Window shopping is just a bit overwhelming as a first time buyer. Especially this year I think, very hard to get a grip on what "normal" is, even with the advice on here saying nothing is normal in 2020! And it seems like every horse for sale on the island of Ireland is 4 years old, 12hh or £12k.


----------



## Wishfilly (26 December 2020)

I think £4-5k is probably reasonable for the horse itself, but you'll potentially need a bit on top of that for tack/rugs/start up costs and vetting/transport. I'd consider £6-7k all in for all your start up costs- bearing in mind you might need to cover the cost of a failed vetting and maybe some overnight stays for viewings depending on how much is available locally. 

If you're willing to go for something a bit smaller/older, you might be able to knock about £1k off the purchase price, and who knows what horse prices will do next year!

Have you thought about loaning, at all?


----------



## SaddlePsych'D (26 December 2020)

Wishfilly said:



			I think £4-5k is probably reasonable for the horse itself, but you'll potentially need a bit on top of that for tack/rugs/start up costs and vetting/transport. I'd consider £6-7k all in for all your start up costs- bearing in mind you might need to cover the cost of a failed vetting and maybe some overnight stays for viewings depending on how much is available locally.
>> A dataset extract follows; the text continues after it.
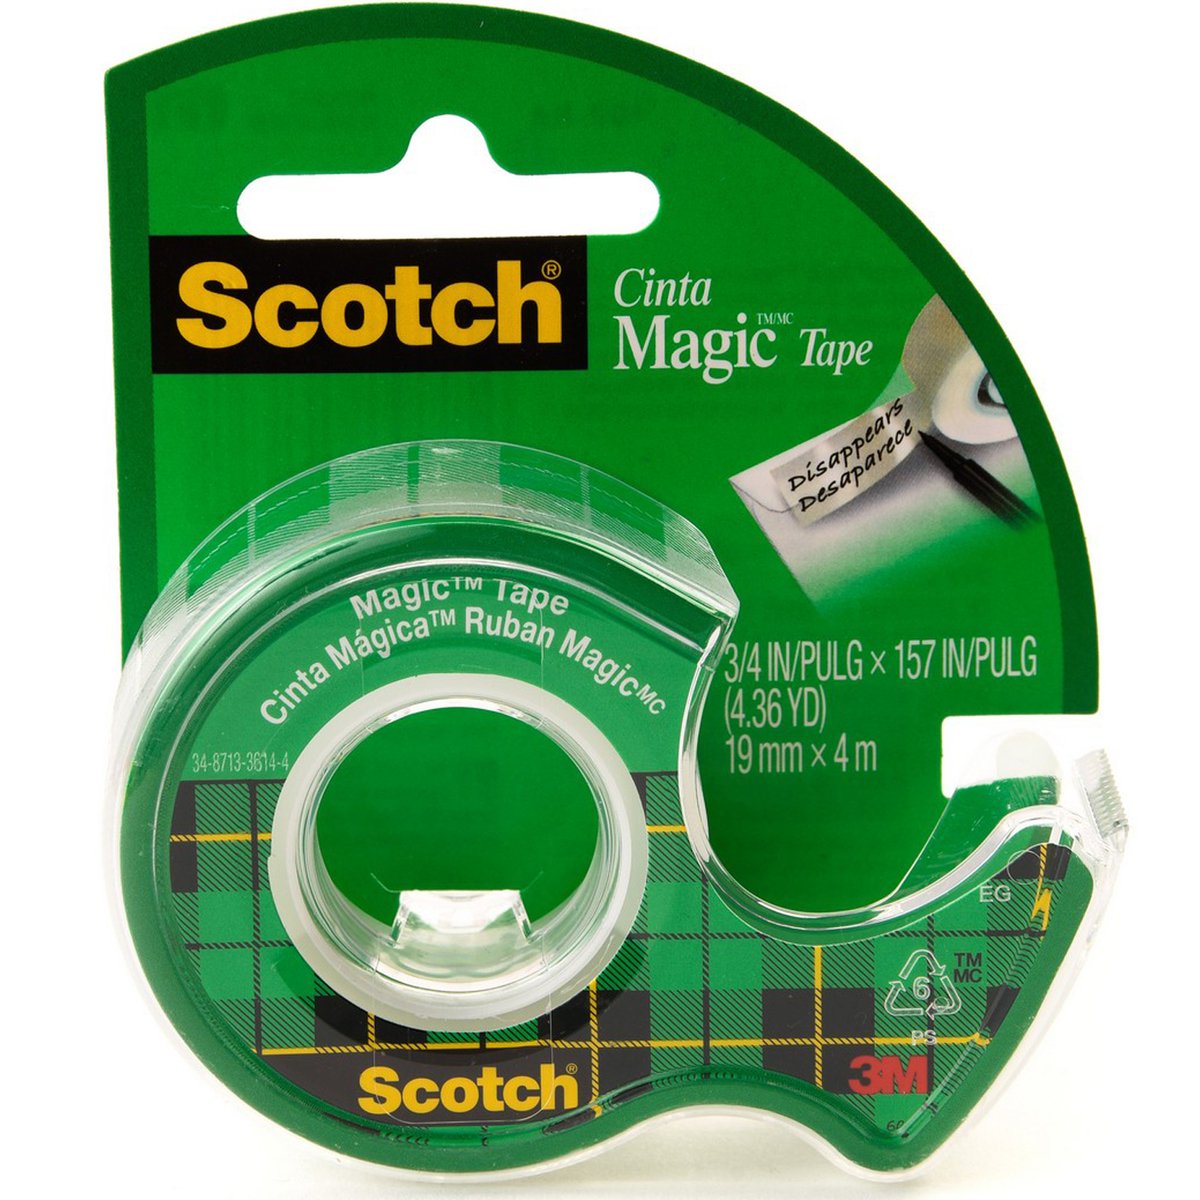 3M Scotch Magic Tape with Plastic Dispenser 19mm x 4m 1Pc

If you're willing to go for something a bit smaller/older, you might be able to knock about £1k off the purchase price, and who knows what horse prices will do next year!

Have you thought about loaning, at all?
		
Click to expand...

I have thought about loaning as it seemed like a good step from sharing but I'm not sure where to find a suitable full loan - the ones I have seen tend to be wanting competitive or experienced riders, I wasn't sure if the type of horse I'd like is the sort people would put out on loan and if they did whether they advertise or go by word of mouth.


----------



## Wishfilly (26 December 2020)

SaddlePsych'D said:



			I have thought about loaning as it seemed like a good step from sharing but I'm not sure where to find a suitable full loan - the ones I have seen tend to be wanting competitive or experienced riders, I wasn't sure if the type of horse I'd like is the sort people would put out on loan and if they did whether they advertise or go by word of mouth.
		
Click to expand...

They will probably go by word of mouth, but it's often possible to find an e.g. older sensible horse who wants to step down a gear, but still has plenty to give. 
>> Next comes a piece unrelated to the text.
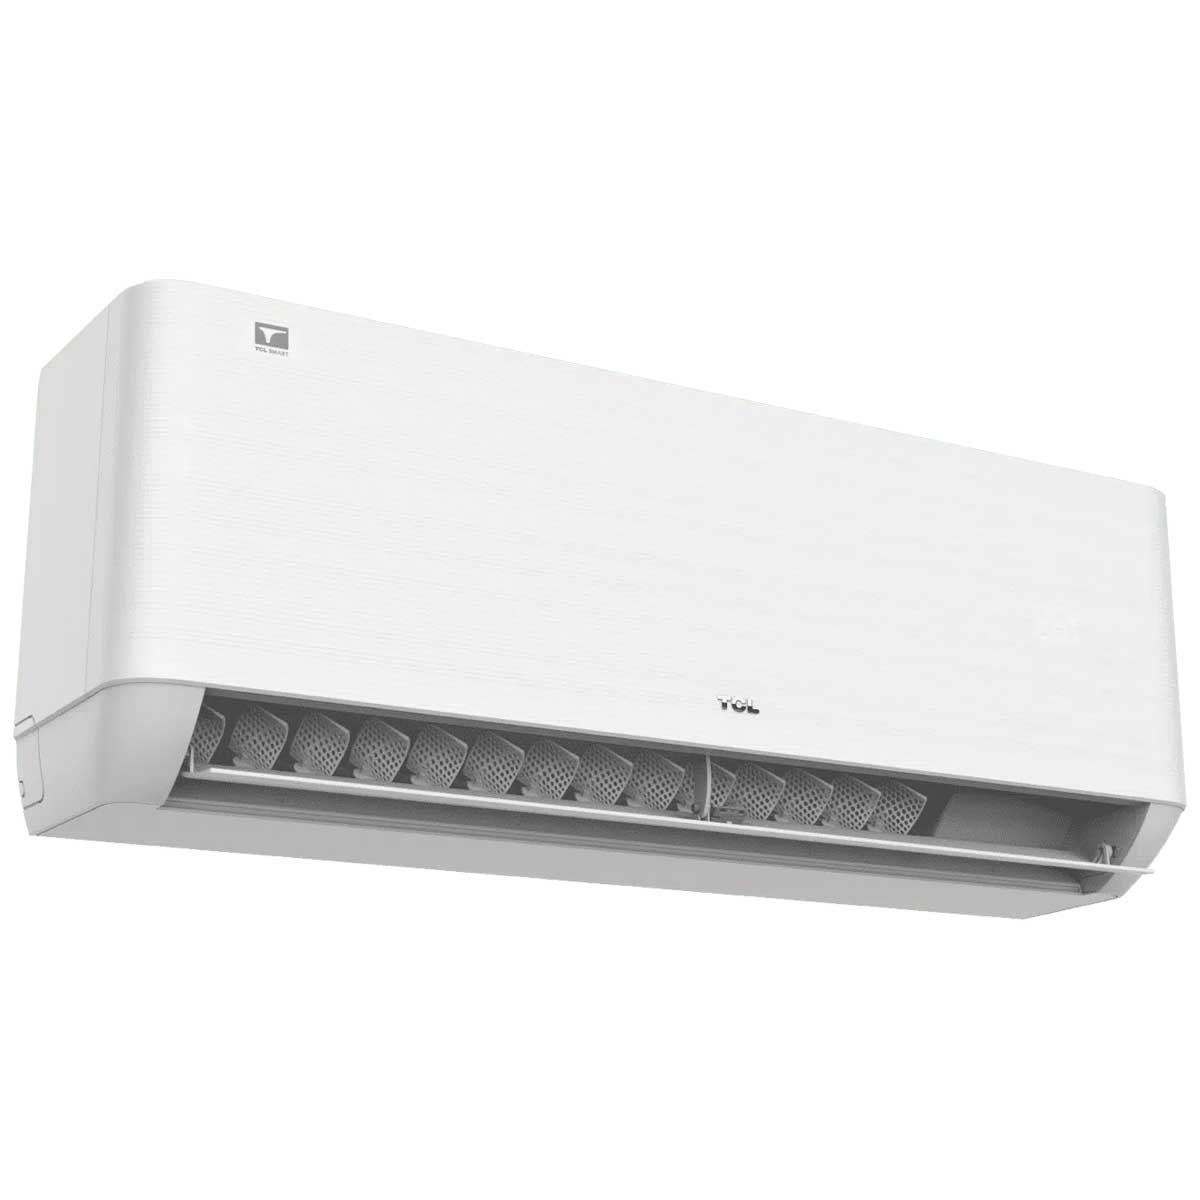 TCL TAC-12CHSD/TPG31 1.5匹 Wi-Fi 智能變頻冷暖 掛牆分體式冷氣機 - ShineCreation 創暉百貨

It might be worth keeping an ear out, whilst you save? Although of course, if you take a horse on loan, you might be less able to save for one of your own.


----------



## SaddlePsych'D (26 December 2020)

Wishfilly said:



			They will probably go by word of mouth, but it's often possible to find an e.g. older sensible horse who wants to step down a gear, but still has plenty to give.

It might be worth keeping an ear out, whilst you save? Although of course, if you take a horse on loan, you might be less able to save for one of your own.
		
Click to expand...

I'm keeping it in mind as agree it could definitely be a good option if something suitable comes up. An older horse needing a slower pace would be ideal for me I think. 

I've made a start on @Kamikaze idea to put aside rough cost of keep each month to add to the purchase budget and be sure that I can afford the ongoing costs


----------



## Cloball (26 December 2020)

Think I'm in a similar position to you OP having a slightly fragile confidence if you don't mind me saying. I'm doing as Kamikaze suggests and putting the money away each month which is helping my worries about money too. I'm looking at natives that are not in the showing market, something sound and sensible but not flashy.

 Just need to find myself someone nearby who's braver than me to help me try ponies when we're allowed to travel again. Don't want to knock my confidence too much in the process.


----------



## doodle (26 December 2020)

Glad I have helped 😀


----------



## SaddlePsych'D (26 December 2020)

Cloball said:



			Think I'm in a similar position to you OP having a slightly fragile confidence if you don't mind me saying. I'm doing as Kamikaze suggests and putting the money away each month which is helping my worries about money too. I'm looking at natives that are not in the showing market, something sound and sensible but not flashy.

Just need to find myself someone nearby who's braver than me to help me try ponies when we're allowed to travel again. Don't want to knock my confidence too much in the process.
		
Click to expand...

Yes I think it's fair to say I'm not particularly confident! I've not thought quite as far ahead as the trying/viewing bit but hope one of my instructors would be able to help.


----------



## Wishfilly (26 December 2020)

SaddlePsych'D said:



			I'm keeping it in mind as agree it could definitely be a good option if something suitable comes up. An older horse needing a slower pace would be ideal for me I think.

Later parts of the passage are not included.